I’m trying to wrap a scraping project in a Docker container to run it on a droplet. The spider scraps a website and then writes the data to a postgres database. The postgres database is already running and managed by Digitalocean.
When I run the command locally to test, everything is fine:
docker compose up
I can visualize the spider writing on the database.
Then, I use github action to build and push my docker image on a registry each time I push the code with the script:
name: CI
# 1
# Controls when the workflow will run.
on:
# Triggers the workflow on push events but only for the master branch
push:
branches: [ master ]
# Allows you to run this workflow manually from the Actions tab
workflow_dispatch:
inputs:
version:
description: 'Image version'
required: true
#2
env:
REGISTRY: "registry.digitalocean.com/*****-registery"

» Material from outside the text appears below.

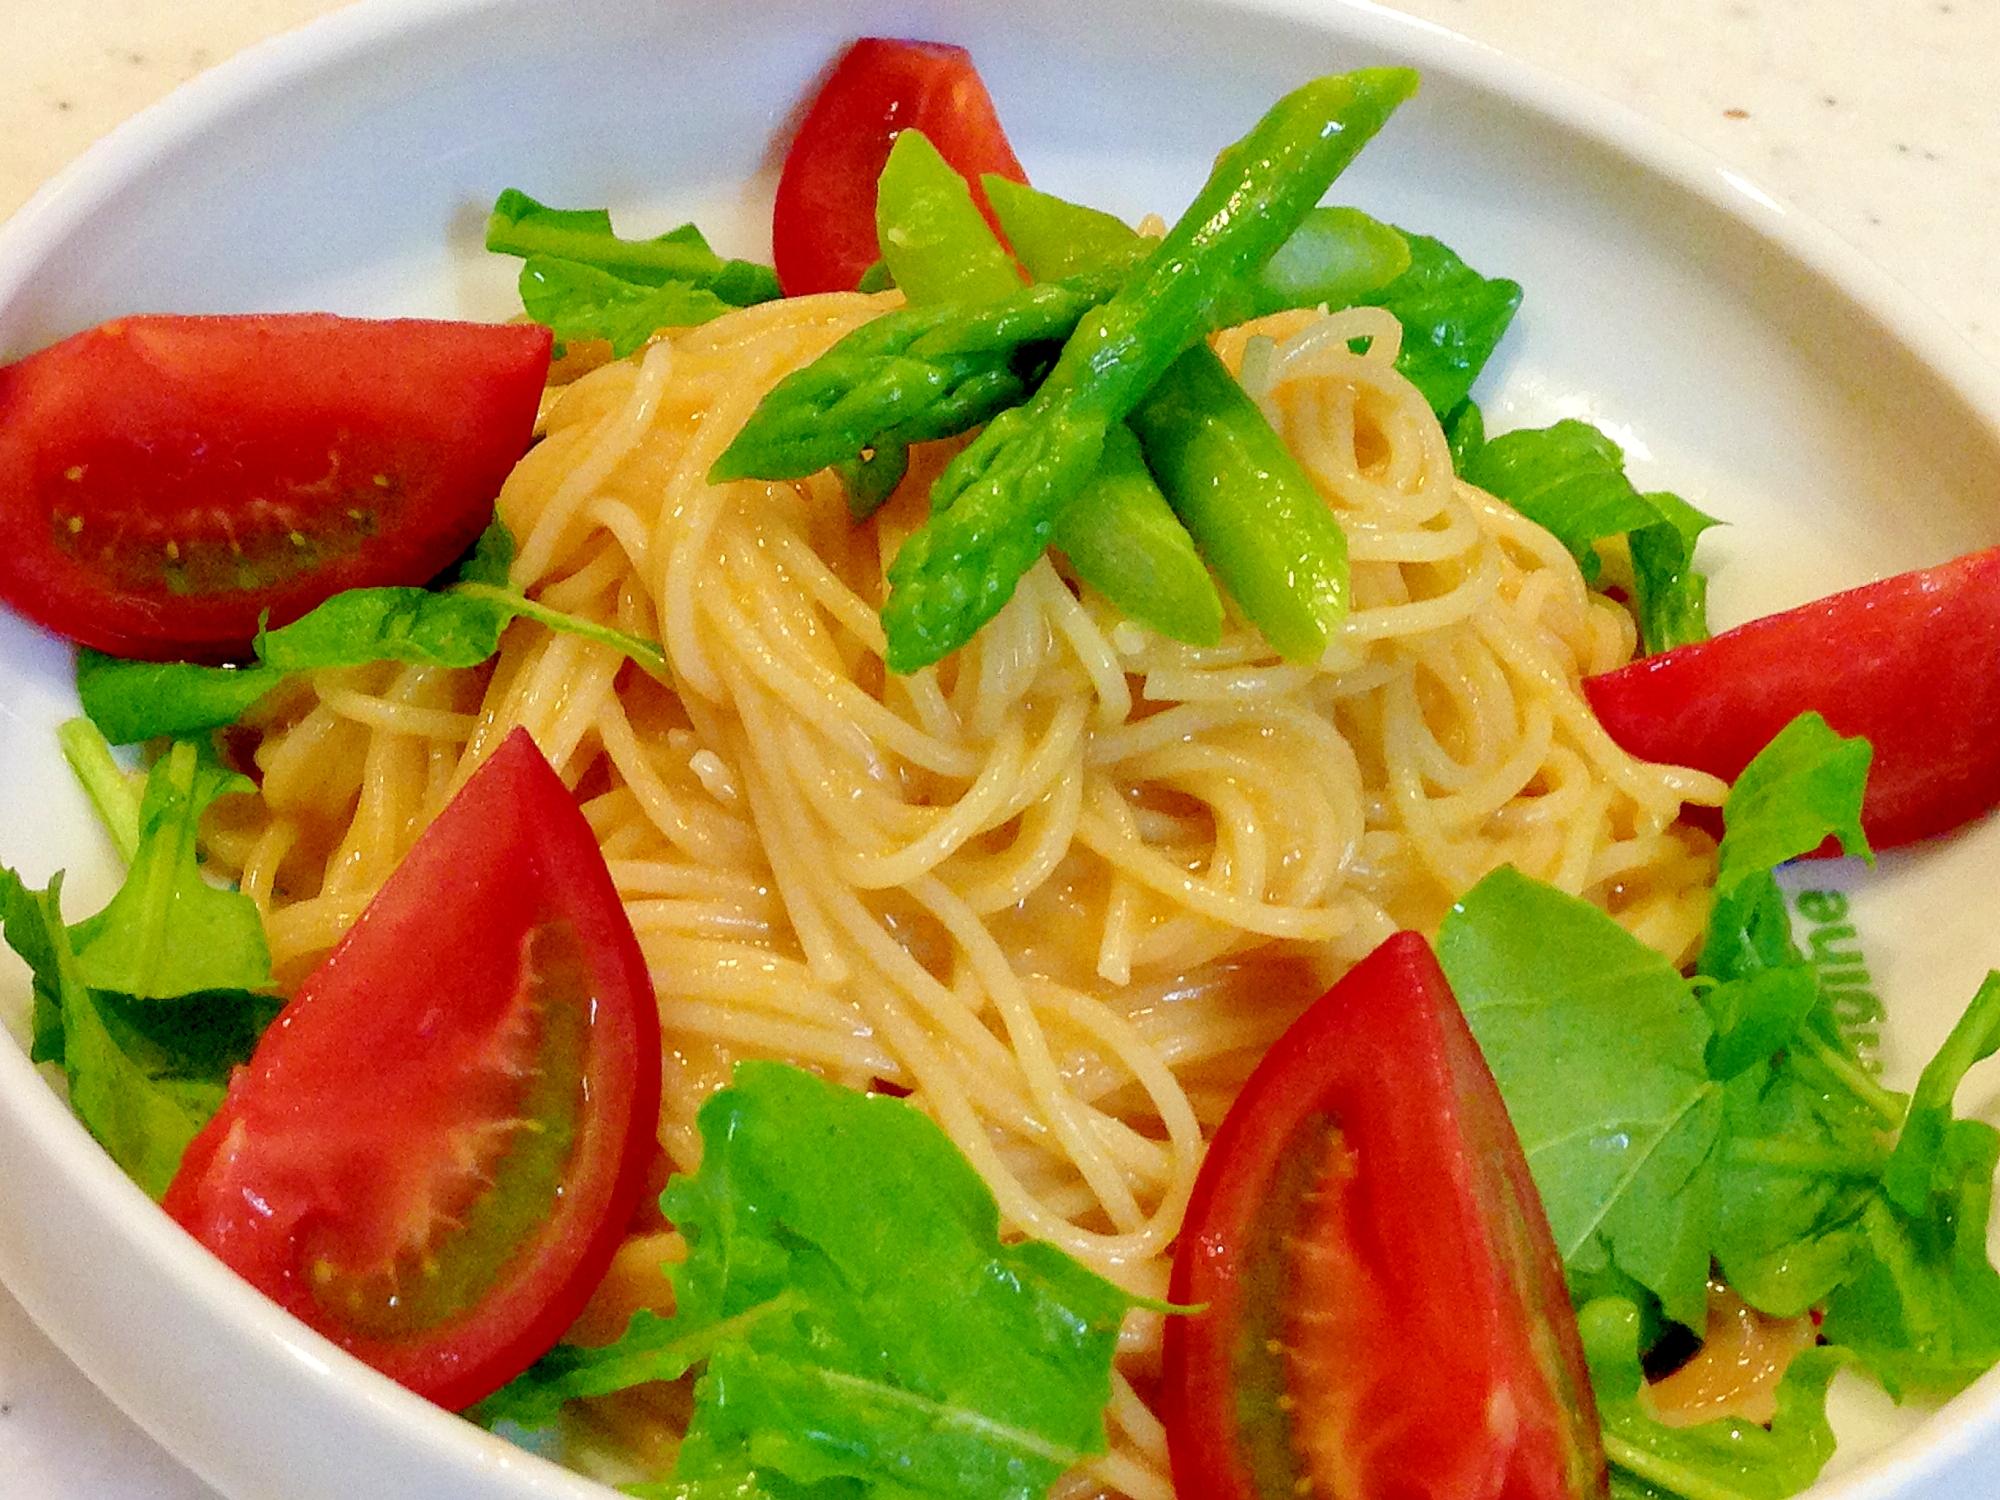 夏にひんやり☆ウニとアメーラトマトの冷製パスタ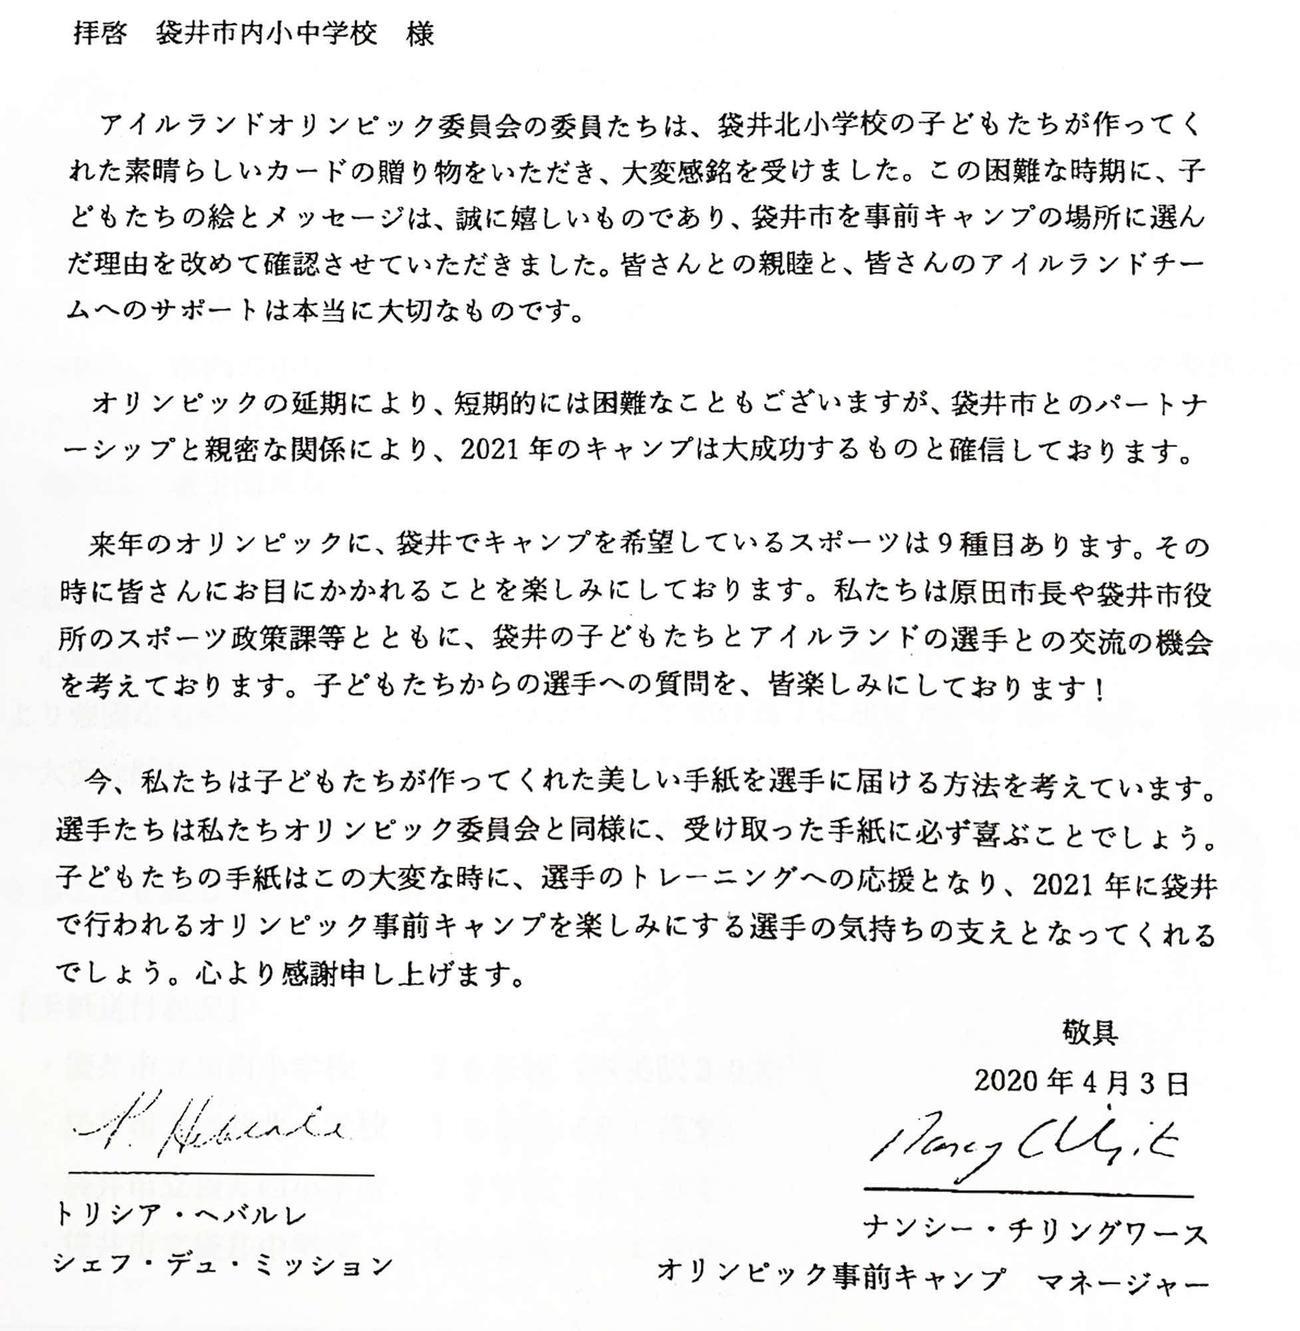 アイルランド五輪委員会から袋井市内の小中学校に届いた手紙(日本語訳)

IMAGE_NAME: "******-scraper"
POSTGRES_USERNAME: ${{ secrets.POSTGRES_USERNAME }}
POSTGRES_PASSWORD: ${{ secrets.POSTGRES_PASSWORD }}
POSTGRES_HOSTNAME: ${{ secrets.POSTGRES_HOSTNAME }}
POSTGRES_PORT: ${{ secrets.POSTGRES_PORT }}
POSTGRES_DATABASE: ${{ secrets.POSTGRES_DATABASE }}
SPLASH_URL: ${{ secrets.SPLASH_URL }}
#3
jobs:
build-compose:
name: Build docker-compose
runs-on: ubuntu-latest
steps:
- uses: actions/checkout@v2
- name: Insall doctl
uses: digitalocean/action-doctl@v2
with:
token: ${{ secrets.DIGITALOCEAN_ACCESS_TOKEN }}
- name: Login to DO Container Registry with short-lived creds
run: doctl registry login --expiry-seconds 1200
- name: Remove all old images
run: if [ ! -z "$(doctl registry repository list | grep "****-scraper")" ]; then doctl registry repository delete-manifest ****-scraper $(doctl registry repository list-tags ****-scraper | grep -o "sha.*") --force; else echo "No repository"; fi
- name: Build compose
run: docker compose -f docker-compose.yaml up -d
- name: Push to Digital Ocean registery
run: docker compose push
deploy:
name: Deploy from registery to droplet
runs-on: ubuntu-latest
needs: build-compose
Then I ssh root@ipv4
manually to my droplet in order to install docker
, docker compose
and run the image from the registry with:
# Login to registry
docker login -u DO_TOKEN -p DO_TOKEN registry.digitalocean.com
# Stop running container
docker stop ****-scraper
# Remove old container
docker rm ****-scraper
# Run a new container from a new image
docker run -d --restart always --name ****-scraper registry.digitalocean.com/****-registery/****-scraper
As soon as the python script starts on the droplet I have the error:
psycopg2.OperationalError: could not connect to server: No such file
or directory Is the server running locally and accepting connections
on Unix domain socket "/var/run/postgresql/.s.PGSQL.5432"?
It seems like I’m doing something wrong and I can’t find how to fix this so far.
I would appreciate some help explanations.
Thanks,
My Dockerfile:
# As Scrapy runs on Python, I run the official Python 3 Docker image.
FROM python:3.9.7-slim
# Set the working directory to /usr/src/app.
WORKDIR /usr/src/app
# Install libpq-dev for psycopg2 python package
RUN apt-get update
&& apt-get -y install libpq-dev gcc
# Copy the file from the local host to the filesystem of the container at the working directory.
COPY requirements.txt ./
# Install Scrapy specified in requirements.txt.
RUN pip3 install --no-cache-dir -r requirements.txt
# Copy the project source code from the local host to the filesystem of the container at the working directory.
COPY . .
# For Slash
EXPOSE 8050
# Run the crawler when the container launches.
CMD [ "python3", "./****/launch_spiders.py" ]
My docker-compose.yaml
version: "3"
services:
splash:
image: scrapinghub/splash
restart: always
command: --maxrss 2048 --max-timeout 3600 --disable-lua-sandbox --verbosity 1
ports:
- "8050:8050"
launch_spiders:
restart: always
build: .
volumes:
- .:/usr/src/app
image: registry.digitalocean.com/****-registery/****-scraper
depends_on:
- splash
2
Answers
Problem solved!
The .env file with all my credentials was in the .dockerignore. It was then impossible to locate this .env when building the image.
Try installing binary packages of psycopg2-binary instead of psycopg2. Then you don’t need gcc and libpq-dev. Probably you have mixed versions of postgreSQL.